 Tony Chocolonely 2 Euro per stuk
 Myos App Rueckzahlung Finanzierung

# # # # #

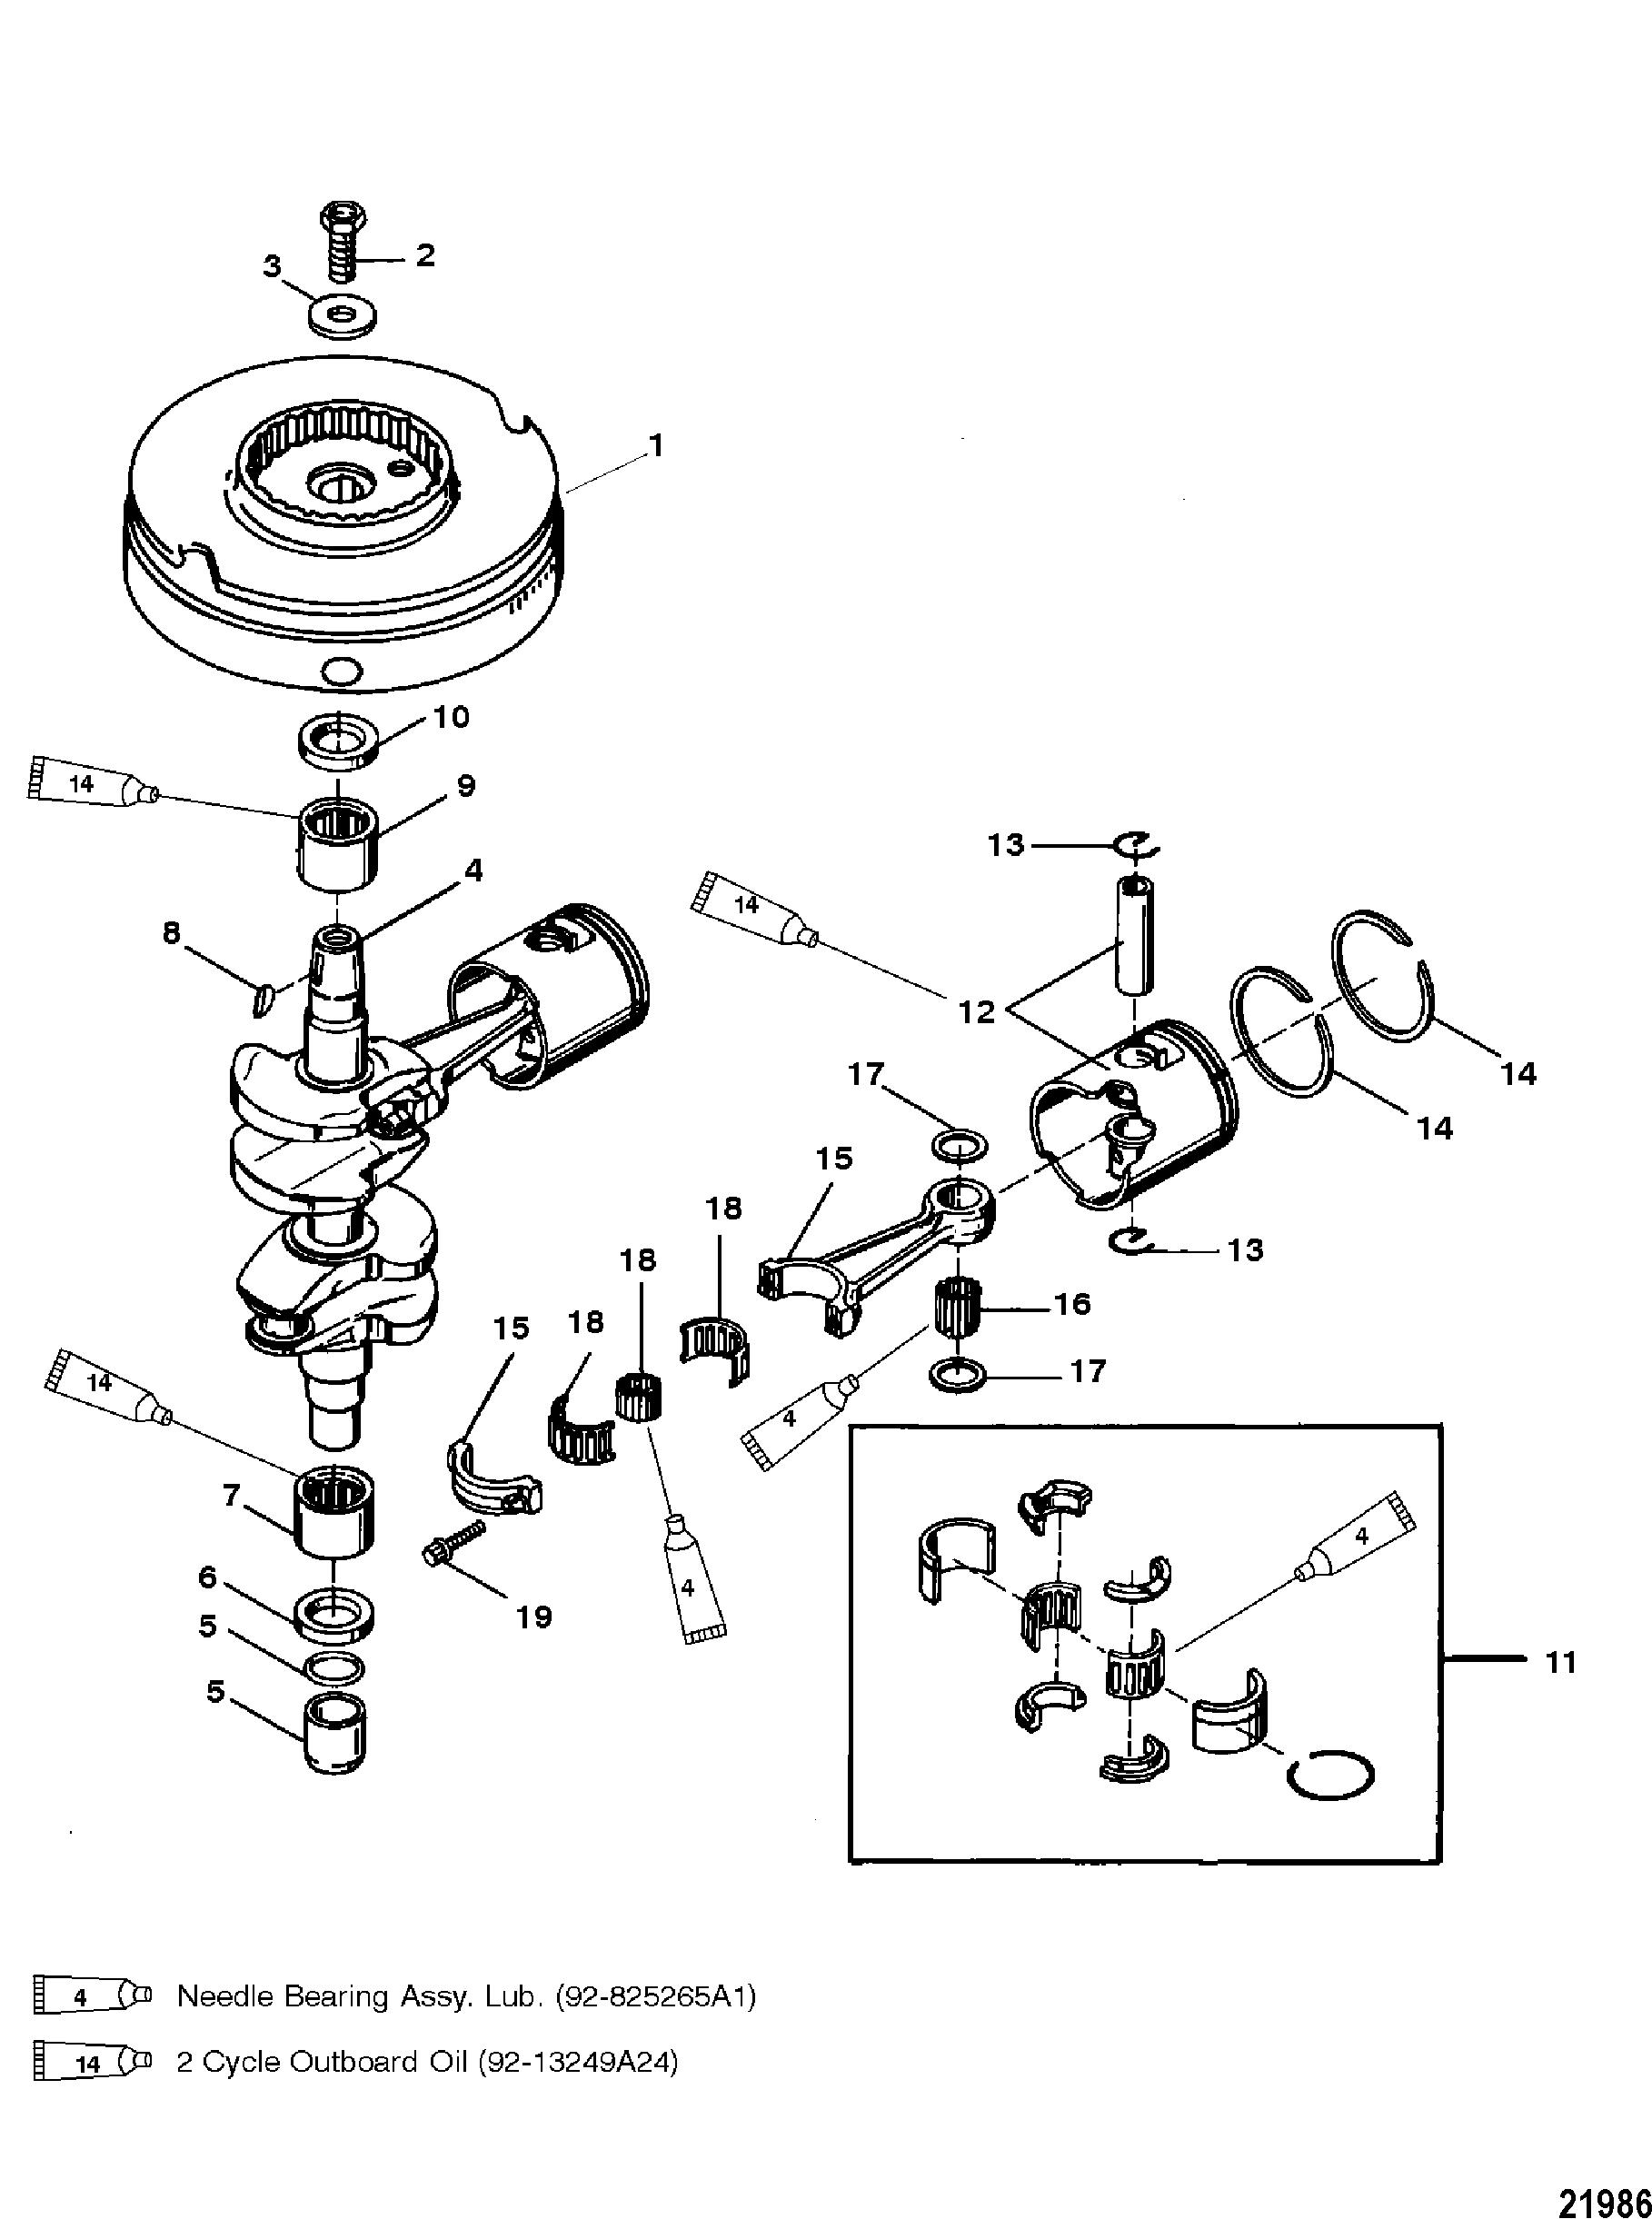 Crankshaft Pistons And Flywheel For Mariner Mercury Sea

# # # # #

# TASK REQUIREMENTS:
From the records above, copy only the lines starting with the line that holds "Tony Chocolonely 2 Euro per stuk" and going on through the line that holds "Myos App Rueckzahlung Finanzierung", exactly as written.

# OUTPUT OF THE EXERCISE:
 Tony Chocolonely 2 Euro per stuk
 Myos App Rueckzahlung Finanzierung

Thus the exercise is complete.